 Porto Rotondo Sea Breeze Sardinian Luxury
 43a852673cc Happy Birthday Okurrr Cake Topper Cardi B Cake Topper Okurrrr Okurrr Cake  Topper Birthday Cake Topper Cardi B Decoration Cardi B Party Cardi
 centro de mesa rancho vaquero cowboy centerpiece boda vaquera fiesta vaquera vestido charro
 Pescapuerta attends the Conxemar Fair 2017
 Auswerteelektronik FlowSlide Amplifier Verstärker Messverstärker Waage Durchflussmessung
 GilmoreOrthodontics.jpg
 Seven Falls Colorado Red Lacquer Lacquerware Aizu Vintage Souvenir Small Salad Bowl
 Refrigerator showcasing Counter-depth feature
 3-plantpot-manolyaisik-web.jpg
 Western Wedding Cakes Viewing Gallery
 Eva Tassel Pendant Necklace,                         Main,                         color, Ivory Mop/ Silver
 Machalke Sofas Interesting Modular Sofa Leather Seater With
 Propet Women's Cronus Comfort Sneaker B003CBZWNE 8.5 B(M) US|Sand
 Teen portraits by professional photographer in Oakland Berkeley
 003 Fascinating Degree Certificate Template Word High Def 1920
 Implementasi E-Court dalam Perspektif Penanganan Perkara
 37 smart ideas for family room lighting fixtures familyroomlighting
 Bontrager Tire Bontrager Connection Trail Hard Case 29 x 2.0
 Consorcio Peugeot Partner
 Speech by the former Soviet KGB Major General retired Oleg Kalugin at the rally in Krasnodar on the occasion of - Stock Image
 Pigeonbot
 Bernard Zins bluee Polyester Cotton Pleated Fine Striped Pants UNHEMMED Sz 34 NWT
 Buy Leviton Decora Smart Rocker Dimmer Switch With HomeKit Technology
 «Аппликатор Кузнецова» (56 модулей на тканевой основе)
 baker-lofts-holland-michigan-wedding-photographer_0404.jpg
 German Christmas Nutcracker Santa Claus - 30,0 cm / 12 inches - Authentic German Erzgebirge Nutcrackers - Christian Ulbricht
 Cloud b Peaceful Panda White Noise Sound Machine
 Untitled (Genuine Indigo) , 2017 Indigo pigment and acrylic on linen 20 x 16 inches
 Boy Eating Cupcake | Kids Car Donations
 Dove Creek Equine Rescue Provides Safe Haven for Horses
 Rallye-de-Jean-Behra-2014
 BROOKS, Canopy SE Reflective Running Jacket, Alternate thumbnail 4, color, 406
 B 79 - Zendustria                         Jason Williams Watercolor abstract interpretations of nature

▶ _Exercise objective_: What's needed is an exact copy of every entry.

▶ _Response area_:
 Porto Rotondo Sea Breeze Sardinian Luxury
 43a852673cc Happy Birthday Okurrr Cake Topper Cardi B Cake Topper Okurrrr Okurrr Cake  Topper Birthday Cake Topper Cardi B Decoration Cardi B Party Cardi
 centro de mesa rancho vaquero cowboy centerpiece boda vaquera fiesta vaquera vestido charro
 Pescapuerta attends the Conxemar Fair 2017
 Auswerteelektronik FlowSlide Amplifier Verstärker Messverstärker Waage Durchflussmessung
 GilmoreOrthodontics.jpg
 Seven Falls Colorado Red Lacquer Lacquerware Aizu Vintage Souvenir Small Salad Bowl
 Refrigerator showcasing Counter-depth feature
 3-plantpot-manolyaisik-web.jpg
 Western Wedding Cakes Viewing Gallery
 Eva Tassel Pendant Necklace,                         Main,                         color, Ivory Mop/ Silver
 Machalke Sofas Interesting Modular Sofa Leather Seater With
 Propet Women's Cronus Comfort Sneaker B003CBZWNE 8.5 B(M) US|Sand
 Teen portraits by professional photographer in Oakland Berkeley
 003 Fascinating Degree Certificate Template Word High Def 1920
 Implementasi E-Court dalam Perspektif Penanganan Perkara
 37 smart ideas for family room lighting fixtures familyroomlighting
 Bontrager Tire Bontrager Connection Trail Hard Case 29 x 2.0
 Consorcio Peugeot Partner
 Speech by the former Soviet KGB Major General retired Oleg Kalugin at the rally in Krasnodar on the occasion of - Stock Image
 Pigeonbot
 Bernard Zins bluee Polyester Cotton Pleated Fine Striped Pants UNHEMMED Sz 34 NWT
 Buy Leviton Decora Smart Rocker Dimmer Switch With HomeKit Technology
 «Аппликатор Кузнецова» (56 модулей на тканевой основе)
 baker-lofts-holland-michigan-wedding-photographer_0404.jpg
 German Christmas Nutcracker Santa Claus - 30,0 cm / 12 inches - Authentic German Erzgebirge Nutcrackers - Christian Ulbricht
 Cloud b Peaceful Panda White Noise Sound Machine
 Untitled (Genuine Indigo) , 2017 Indigo pigment and acrylic on linen 20 x 16 inches
 Boy Eating Cupcake | Kids Car Donations
 Dove Creek Equine Rescue Provides Safe Haven for Horses
 Rallye-de-Jean-Behra-2014
 BROOKS, Canopy SE Reflective Running Jacket, Alternate thumbnail 4, color, 406
 B 79 - Zendustria                         Jason Williams Watercolor abstract interpretations of nature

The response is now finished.